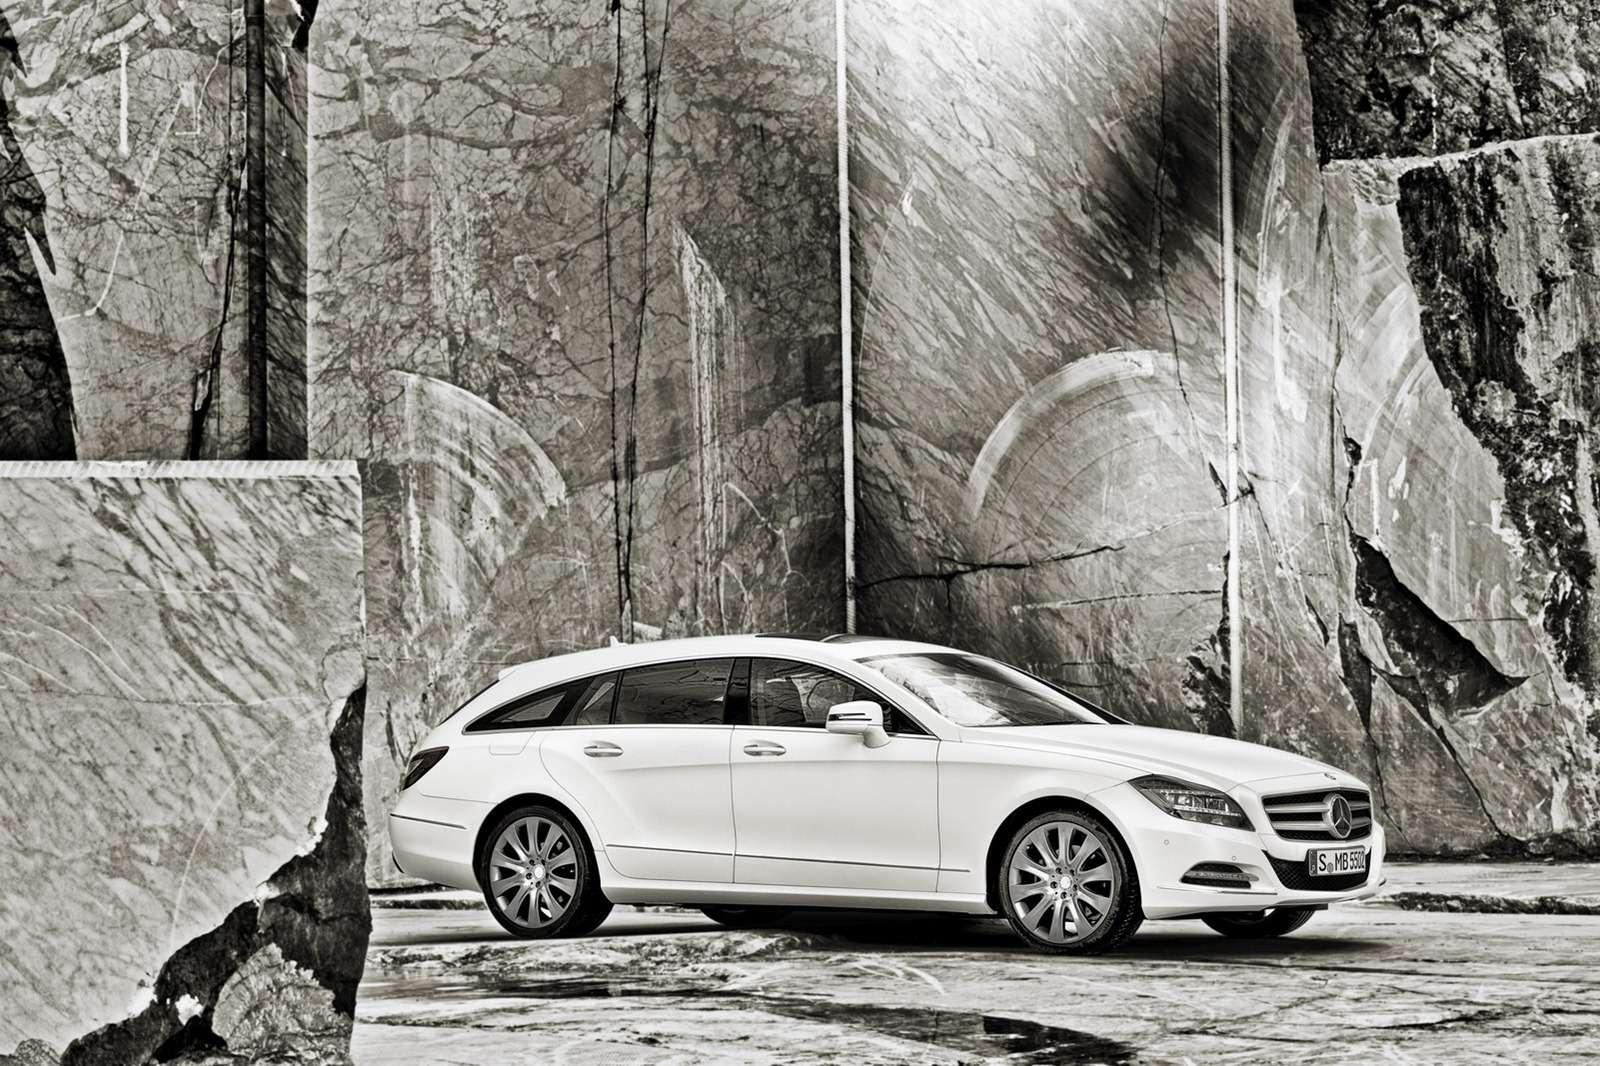 Mercedes CLS Shooting Brake 2013
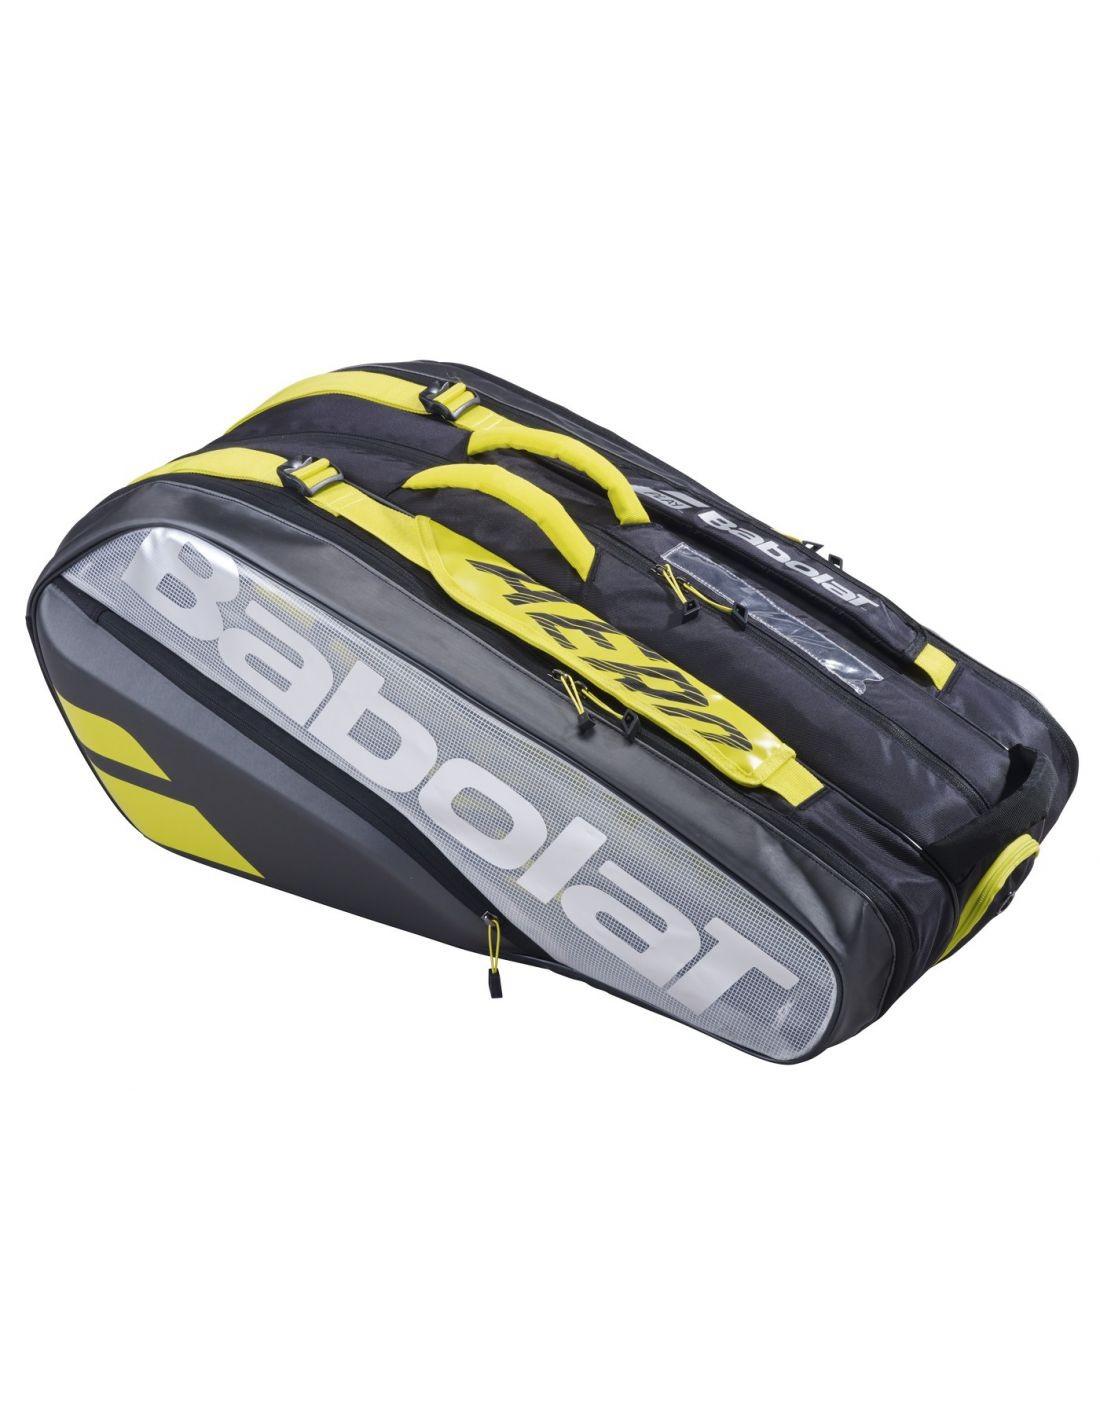 Torba tenisowa Babolat Pure Aero VS x9 Limited
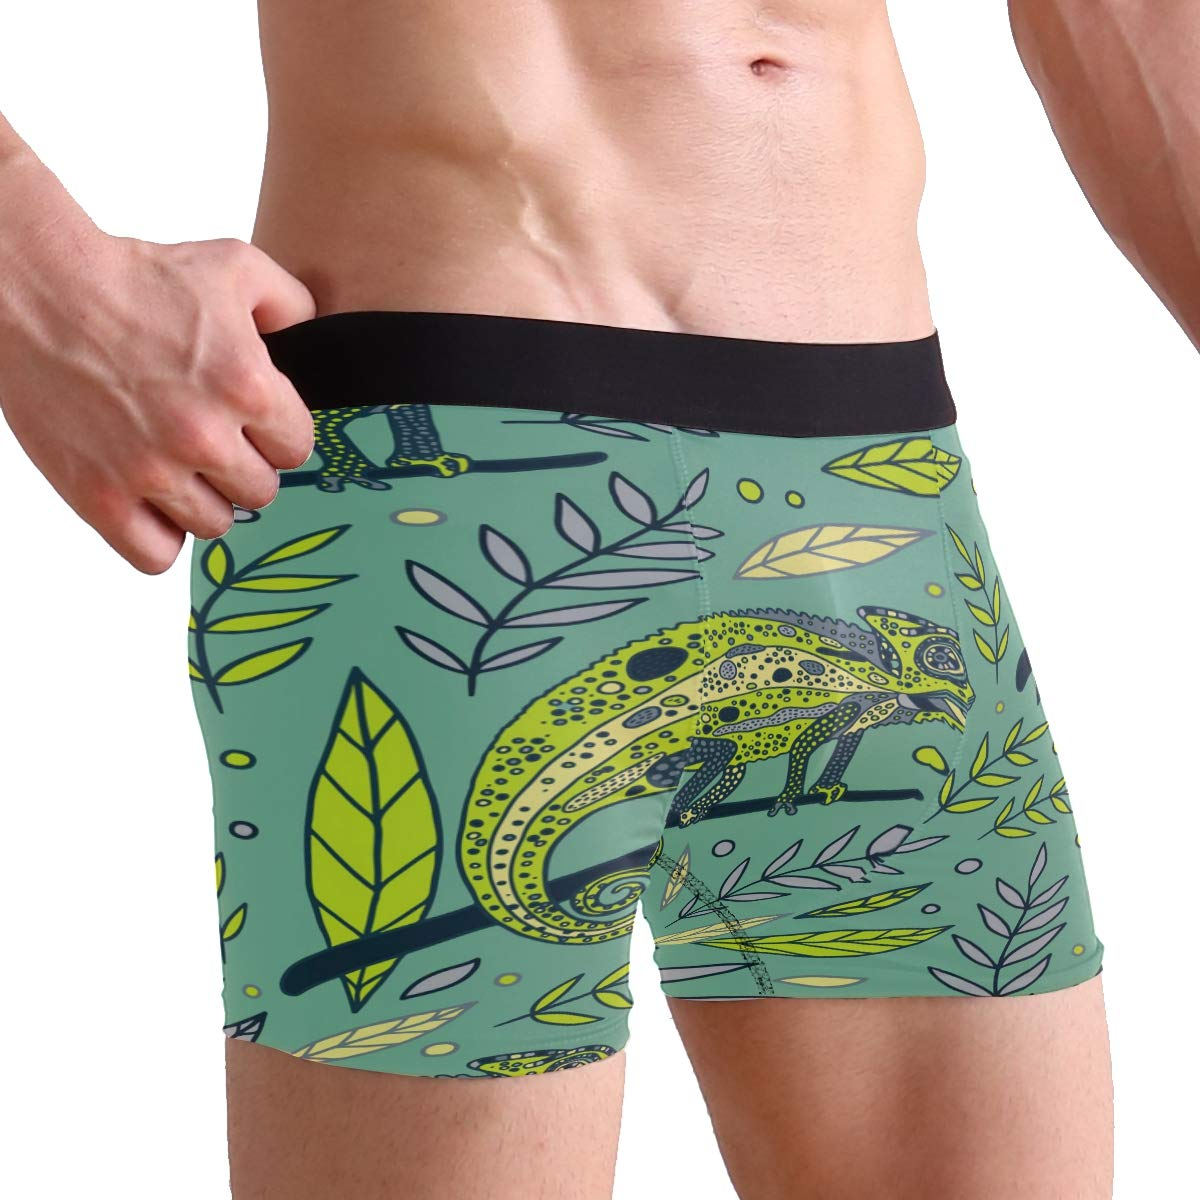 ZZKKO Chameleon Leaf Mens Boxer Briefs Underwear Breathable Stretch Boxer Trunk with Pouch S-XL

*TASK GOAL:*
Exclude the images and reproduce the remaining data exactly.

*RESULT OF THE TASK:*
 Mercedes CLS Shooting Brake 2013
 Torba tenisowa Babolat Pure Aero VS x9 Limited
 ZZKKO Chameleon Leaf Mens Boxer Briefs Underwear Breathable Stretch Boxer Trunk with Pouch S-XL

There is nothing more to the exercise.